La Cour européenne des droits de l'homme (deuxième section), siégeant en une chambre composée de :
Françoise Tulkens, présidente,
Ireneu Cabral Barreto,
Danutė Jočienė,
András Sajó,
Nona Tsotsoria,
Işıl Karakaş,
Kristina Pardalos, juges,
et de Françoise Elens-Passos, greffière adjointe de section,
Après en avoir délibéré en chambre du conseil le 22 septembre 2009,
Rend l'arrêt que voici, adopté à cette date :
PROCÉDURE
1. A l'origine de l'affaire se trouvent vingt requêtes (nos 2422/06, 3712/08, 3714/08, 3715/08, 3717/08, 3718/08, 3719/08, 3724/08, 3725/08, 3728/08, 3730/08, 3731/08, 3733/08, 3734/08, 3735/08, 3737/08, 3739/08, 3740/08, 3745/08 et 3746/08) dirigées contre la République de Turquie et dont vingt ressortissants de cet État, MM. Mesut Tunce, Naşit Tutar, İhsan Baran, Asif Güneş, Hasan Süsli, Murat Salur, Şahin Yapıcı, Mustafa Demir, Mehmet Duman, Seyfettin Kinay, Mehmet Ali Eneze, Veysi Ülsen, Sedat Şeran, Kasım Erkan, Remezan Elaltuntaş, Güro Adem, Mehmet Zeki İnal, Mustafa Sevim, Sıdık Kurt et Mahsum Nazli (« les requérants »), ont saisi la Cour le 10 décembre 2005 en vertu de l'article 34 de la Convention de sauvegarde des droits de l'homme et des libertés fondamentales (« la Convention »).
2. Les requérants sont représentés par Me M. Özbekli, avocat à Diyarbakir.

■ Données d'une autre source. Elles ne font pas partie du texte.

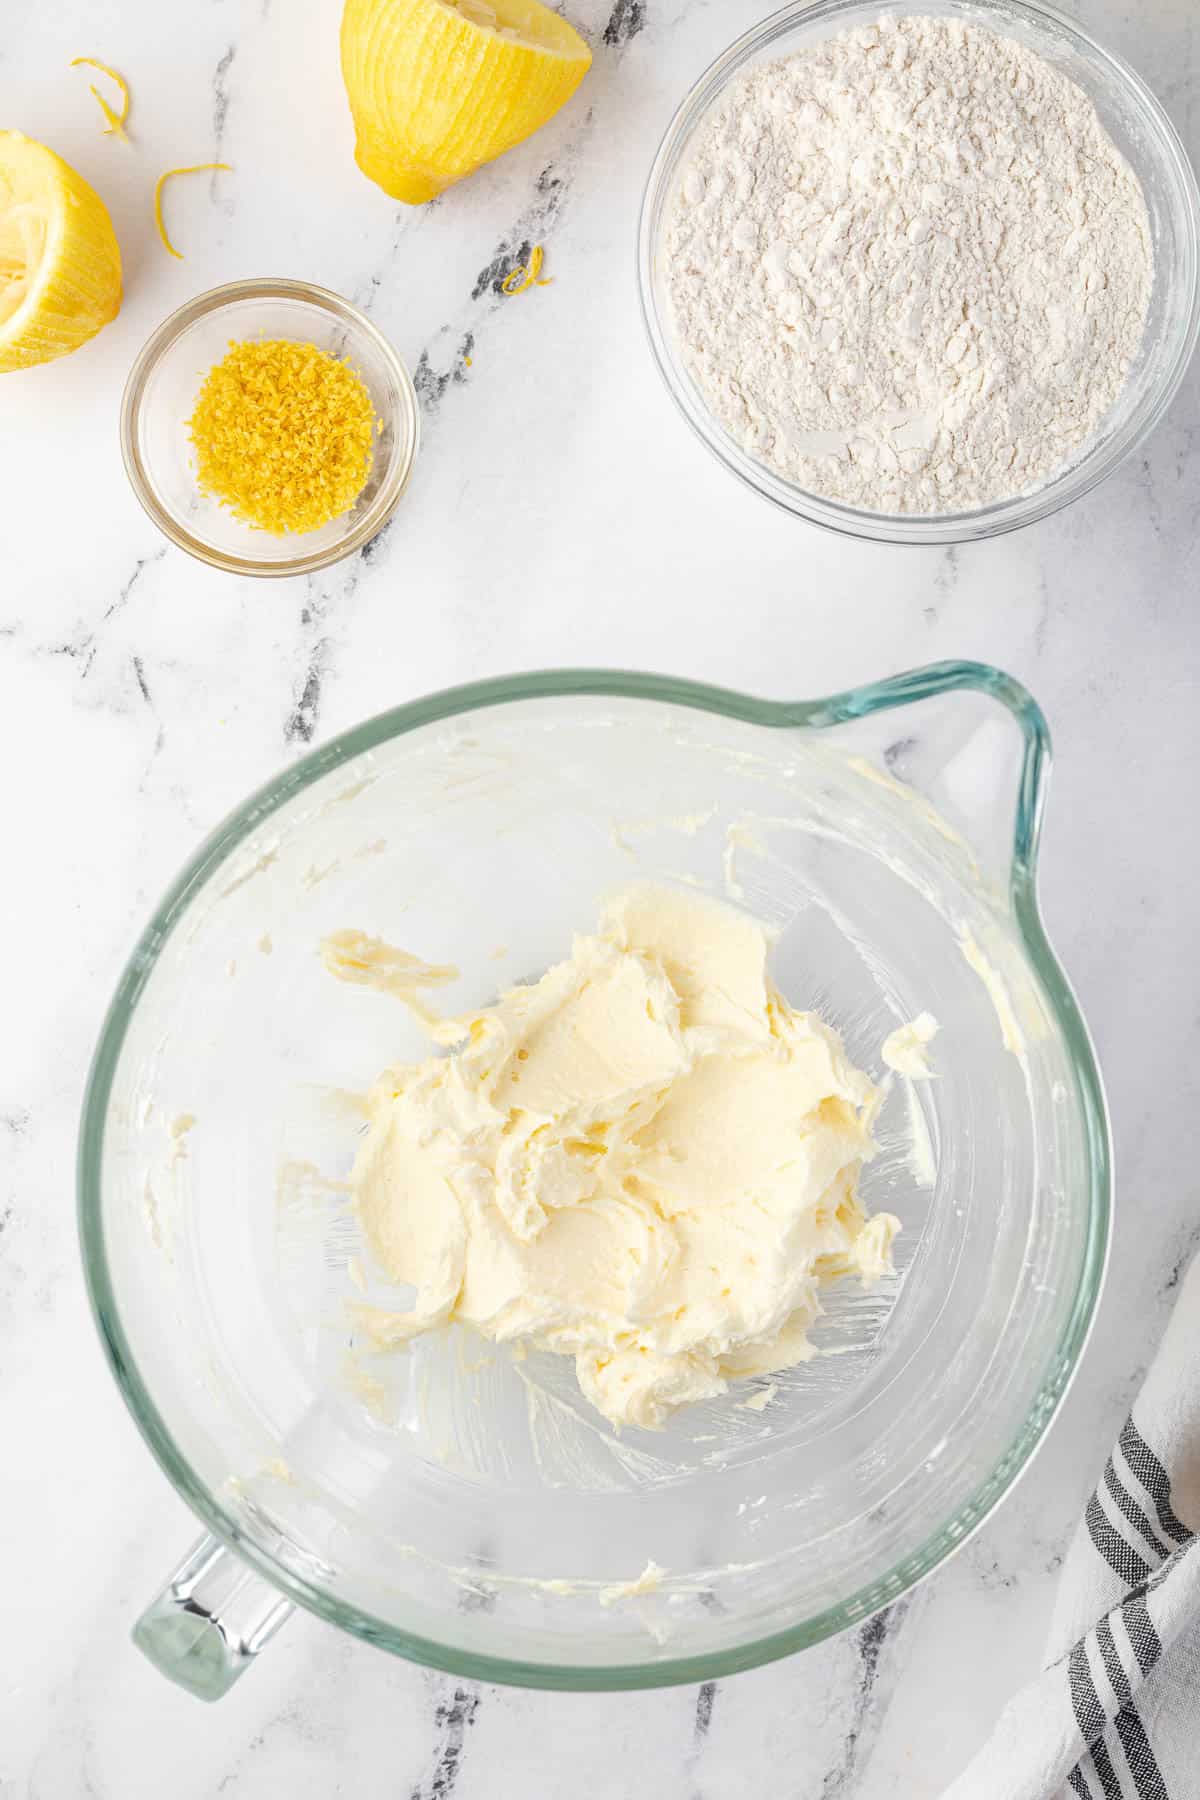 butter and sugar creamed together for crust

Le gouvernement turc (« le Gouvernement ») est représenté par son agent.
3. Le 15 mai 2008, la présidente de la deuxième section a décidé de communiquer les requêtes au Gouvernement. Comme le permet l'article 29 § 3 de la Convention, il a en outre été décidé que la chambre se prononcerait en même temps sur la recevabilité et le fond.
EN FAIT
I. LES CIRCONSTANCES DE L'ESPÈCE
4. Les requérants sont des ressortissants turcs, actuellement détenus à la prison de Diyarbakır.
5. Les 2 et 3 juin 1994, MM. Mesut Tunce, Naşit Tutar, İhsan Baran, Asif Güneş, Hasan Süsli et Murat Salur furent arrêtés et placés en garde à vue dans le cadre d'une opération menée contre une organisation illégale armée, le Hizbullah. Le 30 juin 1994, ils furent traduits devant un juge, lequel les plaça en détention provisoire. Par un acte d'accusation du 19 juillet 1994, une action publique fut engagée à leur encontre, notamment pour tentative de renversement, par la force, de l'ordre constitutionnel turc, pour appartenance à une organisation illégale armée et pour avoir porté aide et assistance à une telle organisation. Le 9 décembre 1999, la cour de sûreté de l'État de Diyarbakır les condamna à la réclusion criminelle à perpétuité. Le 26 juin 2000, la Cour de cassation infirma l'arrêt rendu en première instance. Le 22 juin 2007, les juges du fond condamnèrent à nouveau ces requérants à la réclusion criminelle à perpétuité. Le 10 avril 2008, la Cour de cassation confirma l'arrêt de première instance.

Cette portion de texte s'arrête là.